「中沢君、よくがんばった」
真琴の窮地に駆けつけた林太郎は、陣笠の下に隠した額に冷や汗をかいていた。
(嘘や冗談とは思わなかったが……これが総司君や土方君が言っていた「化け物」か……)
宮本武蔵とその一党の捕縛に当たって、林太郎は沖田と土方の二人と事前の打ち合わせをしていた。その際、京や横浜で戦ってきた怪異の数々についても聞かされていたのだ。あるいは、どちらかひとりの話であれば信じなかったかもしれない。しかし、二人が口を揃えて冗談を言うのはありえない。二人とも軽口はよく叩くが、兄弟子である自分を担ぐような悪ふざけはしないだろう。
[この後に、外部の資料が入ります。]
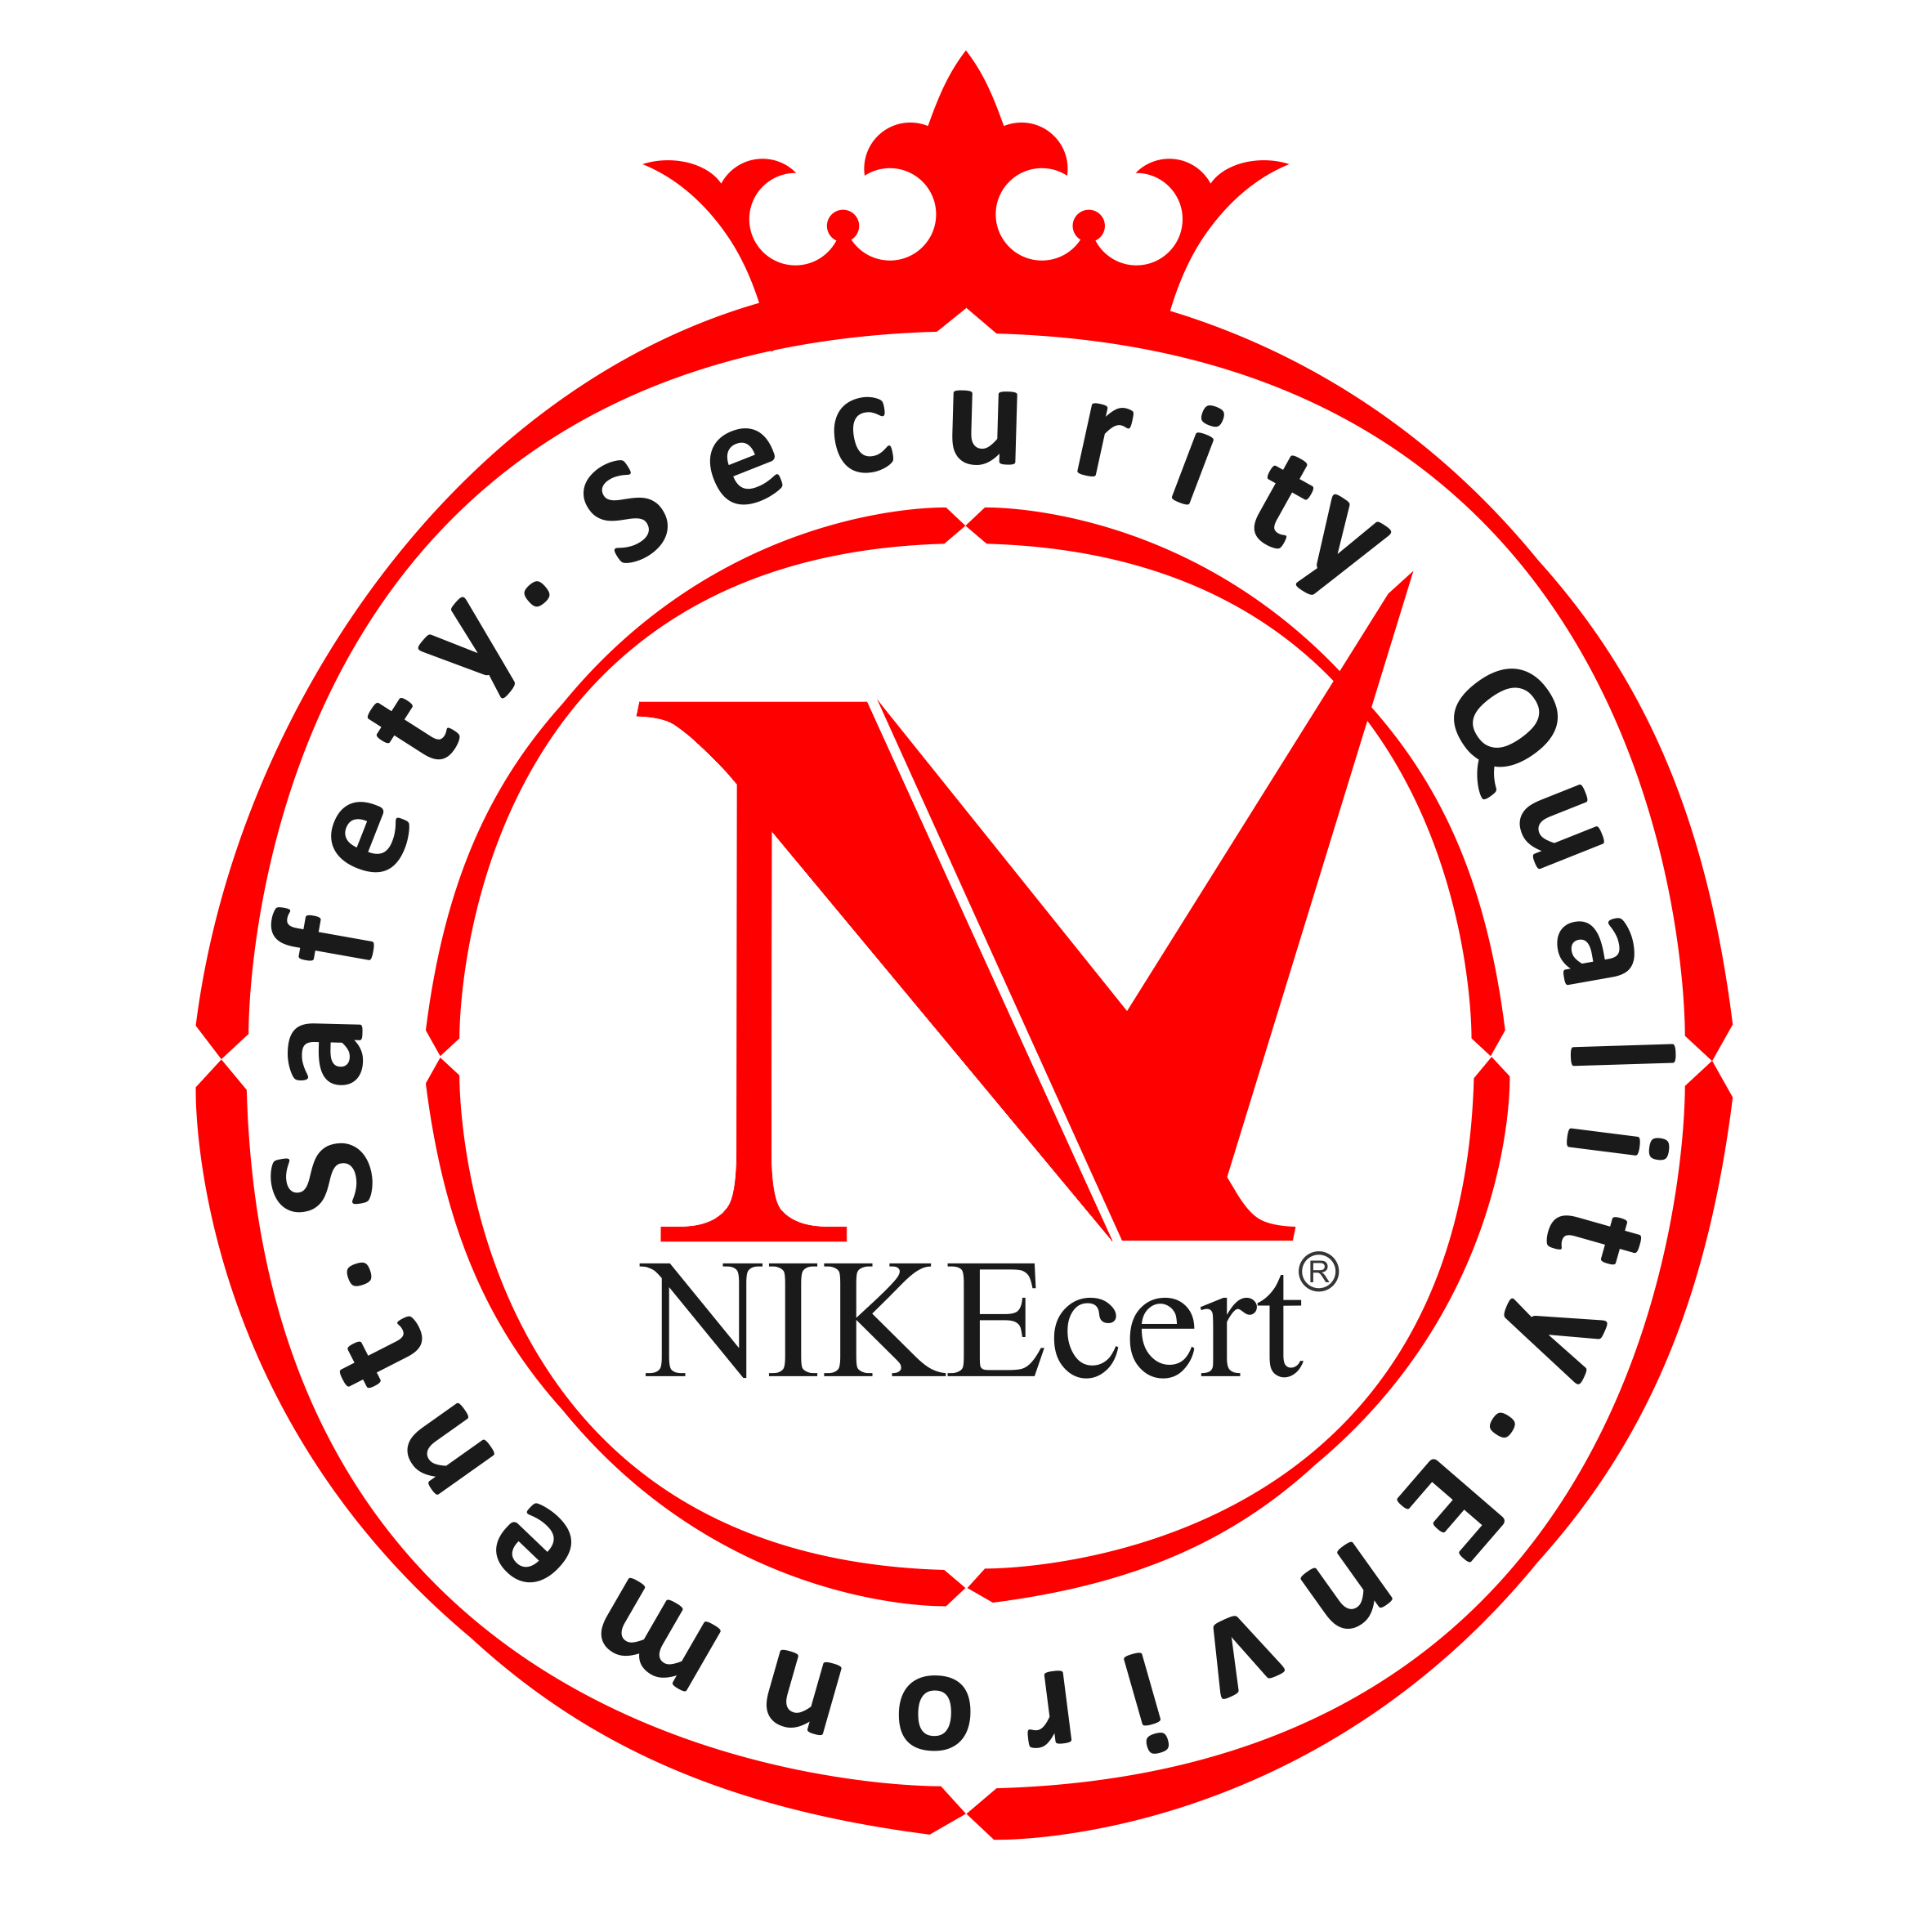 NIKECERT-logo-(2)-99-10-16.final_.png

異形の鉤爪を受けた刀を滑らせ、そのまま内籠手で手首を切り裂く。どろりと粘った体液が溢れ、人面瘡が大口を開いて奇声を上げる。
――オギャァァァアアアァアアアアアア
まるで赤子の泣き声のようだが、耳の奥がざらつき、背筋に怖気が走る。腐った沼を渡る生ぬるい風のような不快さ、不吉さを孕む叫び声だった。
しかし、そんなことで怯んではいられない。返す刀で人面瘡を狙うが切っ先が空を切る。糸繰り人形めいた不規則な動きが、剣術の定石に沿った読みを無効にさせていた。
「中沢君、まだいけるか!」
「はっ、はい!」
「草攻剣! 助攻を頼む!」
林太郎は天然理心流の型の一つを真琴に伝える。疲労により動きが鈍っているが、すぐに異形の側面へと回った。そして小さな動きで膝裏を斬りつけ、異形の体制を崩す。
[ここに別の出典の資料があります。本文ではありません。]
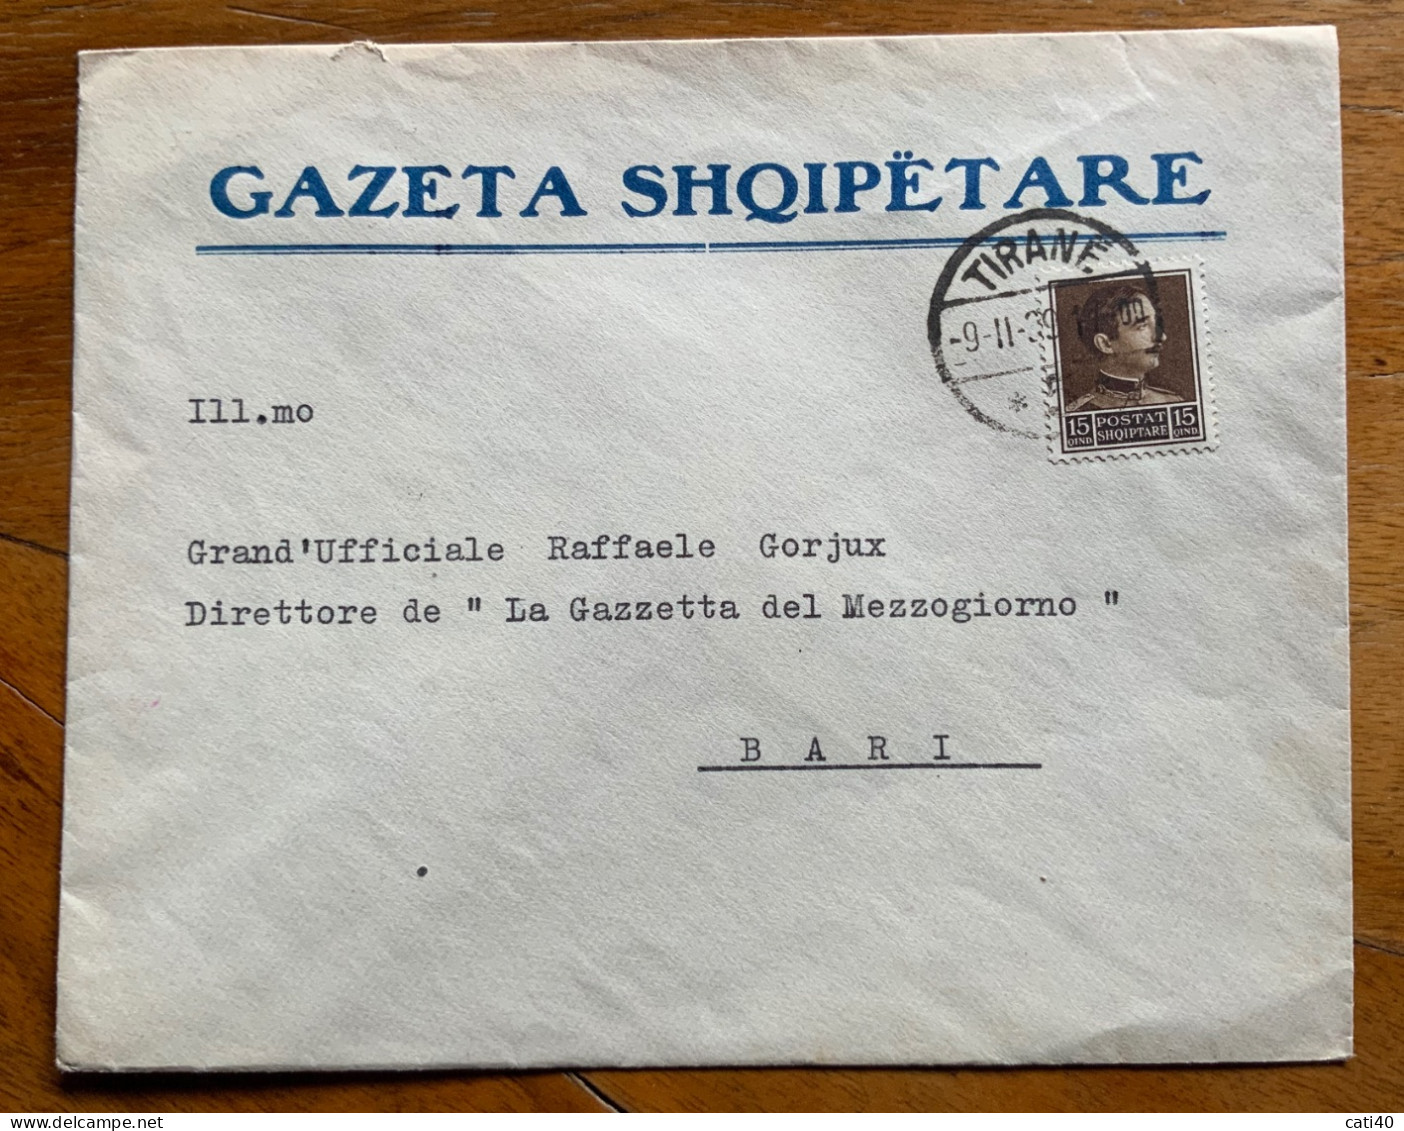 ALBANIA - GAZETA  SHQIPETARE - BUSTA  GIORNALE DA TIRANA 9/11/39 A RAFFAELE GORJUX DIRETTORE GAZZETTA DEL MEZZOGIORNO - Albanien

林太郎もそれに合わせて逆側面に回り、もう一方の脚の膝に斬りつける。しかし、硬い。刃が弾かれる。
「林太郎殿、こやつの鱗は鎧と同じです!」
「承知した!」
一言で意図を察した林太郎は、今度は真琴を倣って膝裏を斬りつけた。なるほど、こちら側なら刃が通る。介者剣術は柳生流の専売特許ではない。実戦を旨とする天然理心流でも必修とされており、林太郎も当然身につけていた。
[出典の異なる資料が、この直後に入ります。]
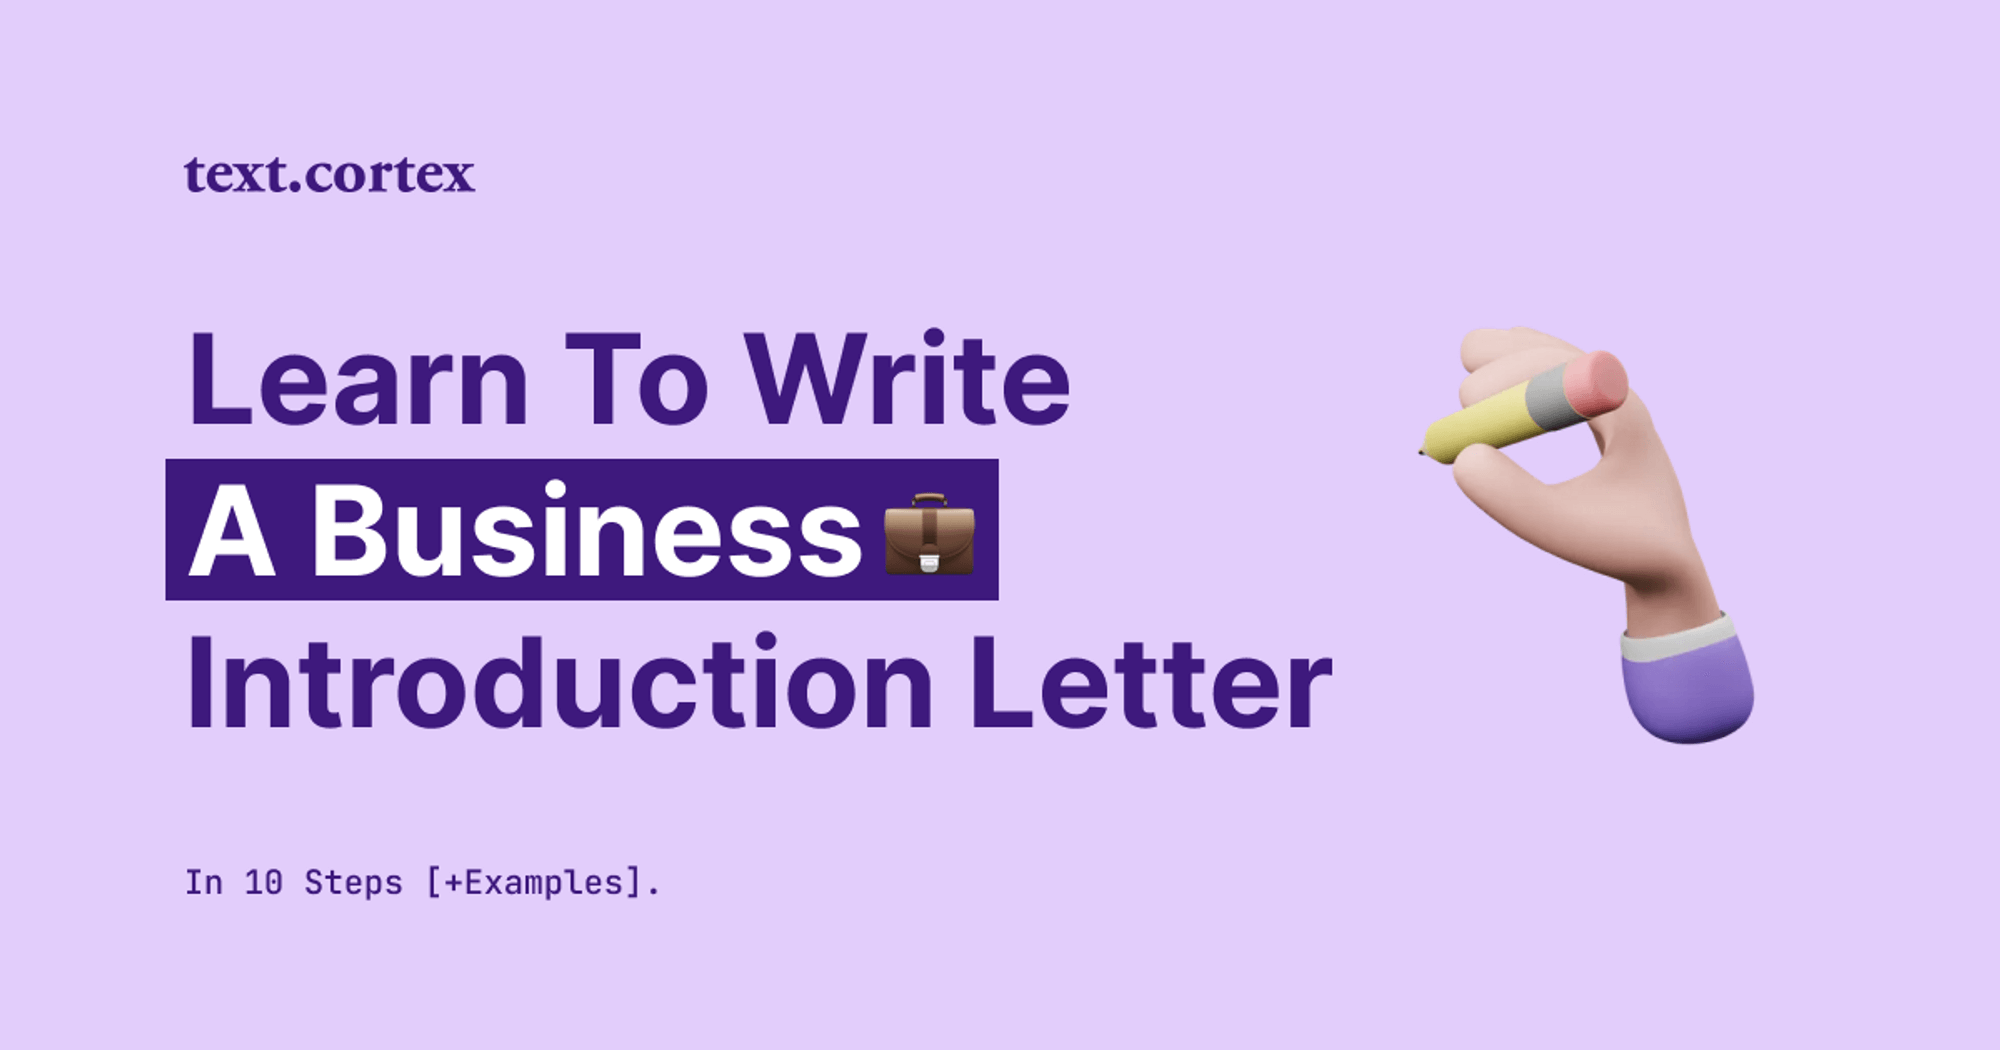 Cómo escribir una carta de presentación comercial en 10 pasos [+Ejemplos]

そのまま挟撃を続け、異形に浅手を繰り返し与えていく。そしていよいよ体勢が崩れたところで渾身の一刀を振り下ろし、人面瘡の額から斬り飛ばした。
(これでやっと一体か……!)
人間相手であればとっくに戦闘不能になるほどの傷を与えていたが、弱ったり怯んだりする様子はまったく見られなかった。普通の人間相手の心づもりで挑んでは返り討ちに遭うだろう。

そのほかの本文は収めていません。